Mame is the film version of the hit Broadway musical by Jerry Herman and stars Lucille Ball as Auntie Mame, a full-of-life, rule-defying woman. She’s also the aunt of young Patrick, who arrives in the middle of one of her crazy parties. Donning a bright red outfit, she dances around, guzzles scotch and fails to notice a strange child has walked into her life. But once she focuses her gaze on her young nephew, it is love at first sight, with the film following their fiercely loyal and complicated bond throughout the Depression, her marriage, loss and his adolescence.

Patrick comes from a strict Christian upbringing where rules are followed. Mame rips down the rigid rules, replacing them with a liberal schooling “where there are no books,” and encourages him to indulge in his child-like wonder.

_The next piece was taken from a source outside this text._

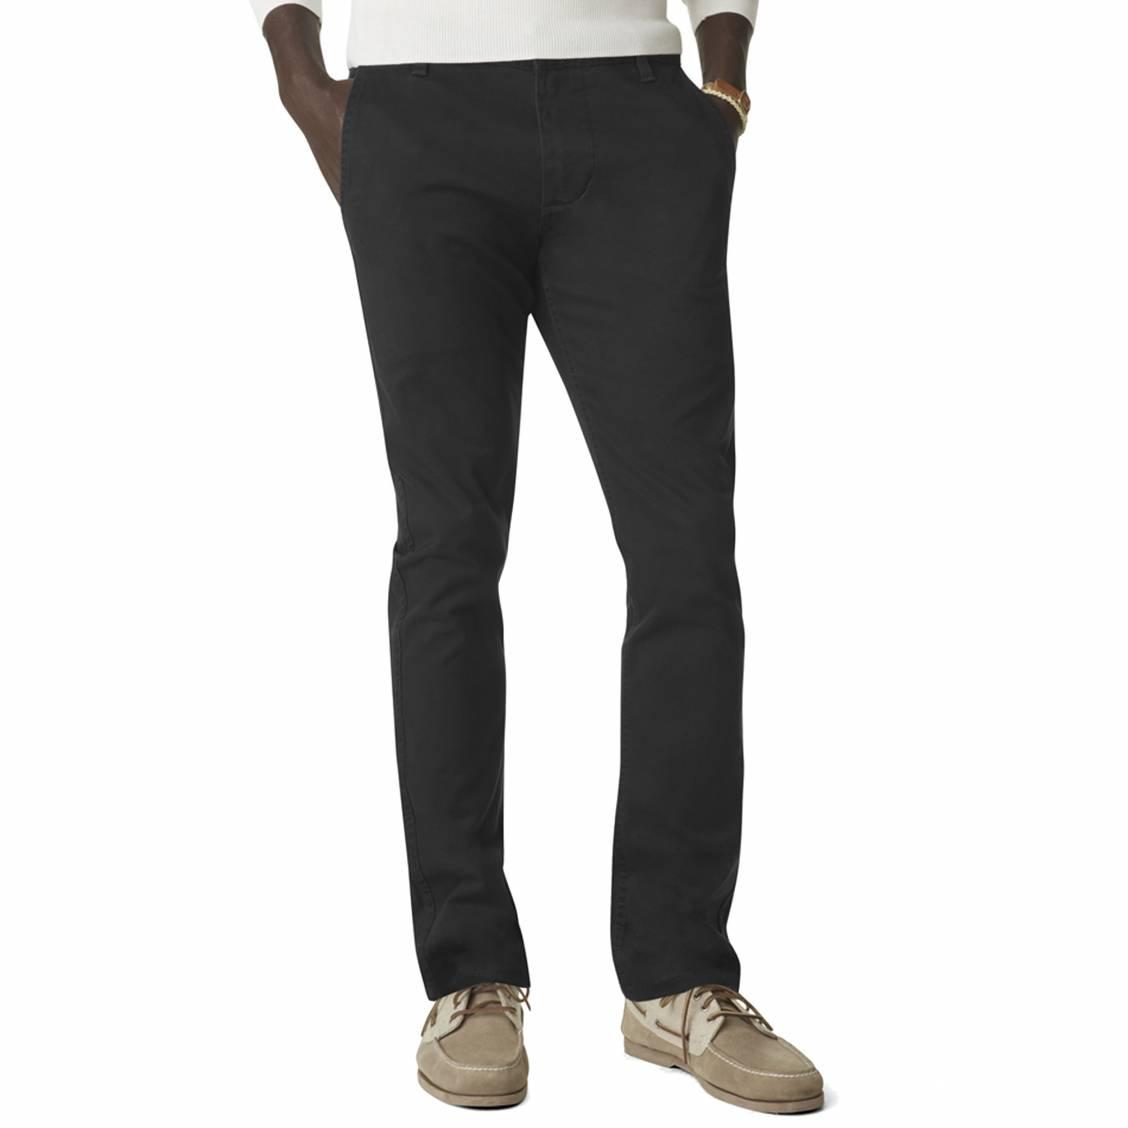 Pantalon alpha stretch khaki original skinny tapered  en sergé de coton noir
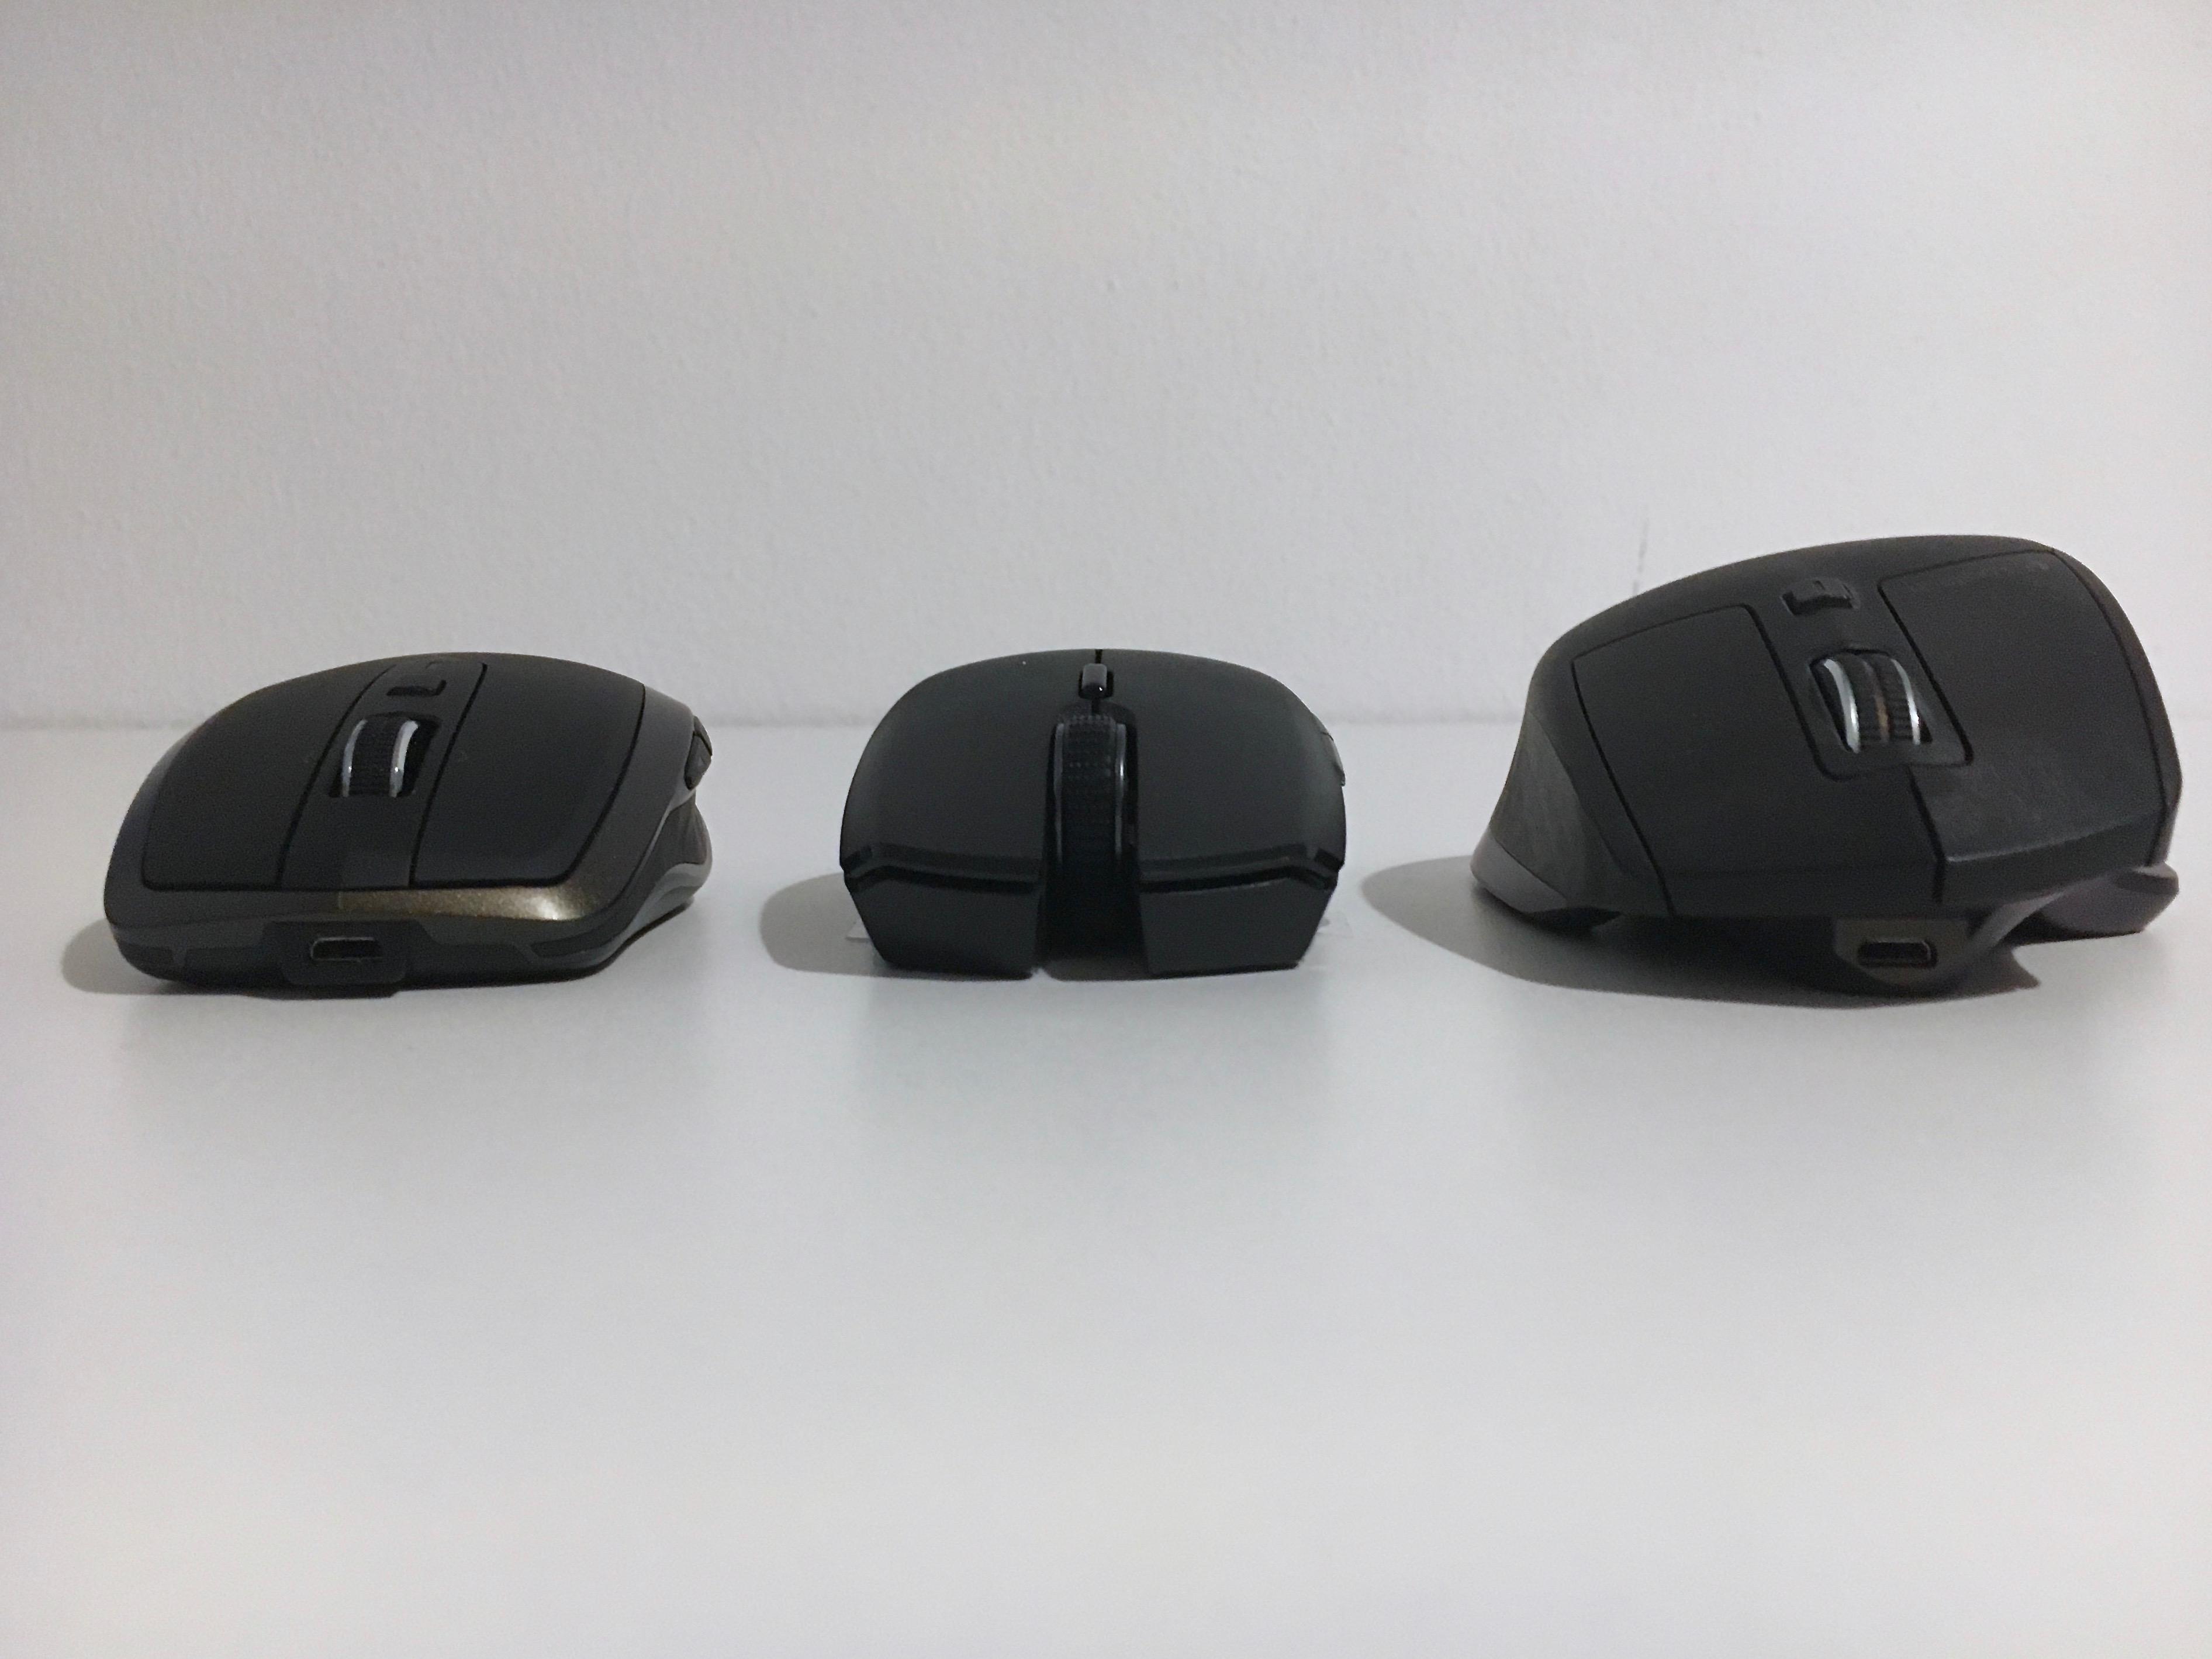 """Гарантийный случай"""" – Нагрузочный тест техподдержки Razer – Things-4"""

The kid loves it. But she loses him and all her belongings to the Depression, and is forced to become clerk at a shoe store. Even then, Mame refuses

to let circumstances get her down. She manages to land herself a rich southern gentleman, whom she then marries and traipses across the globe, enjoying life. When he dies, she returns only to find that the now grown-up Patrick no longer appreciates her eccentric ways, but would rather she cover them when meeting his new fiancée and her family. In the most powerful song in the film,

If He Walked into My Life, Mame asks herself:

At the moment when he needed me,
Did I ever turn away?
Would I be there when he called,
If he walked into my life today.
Were his days a little dull?
Were his nights a little wild?
Did I overstate my plan?
Did I stress the man?
And forget the child.

It’s only when she realizes that she can’t change who she is and Patrick discovers he can’t be someone else, do they find their way back to each other. And off he sends his own son to experience Mame’s world (in Siberia, no less), where she promises to show him “things you never knew existed.”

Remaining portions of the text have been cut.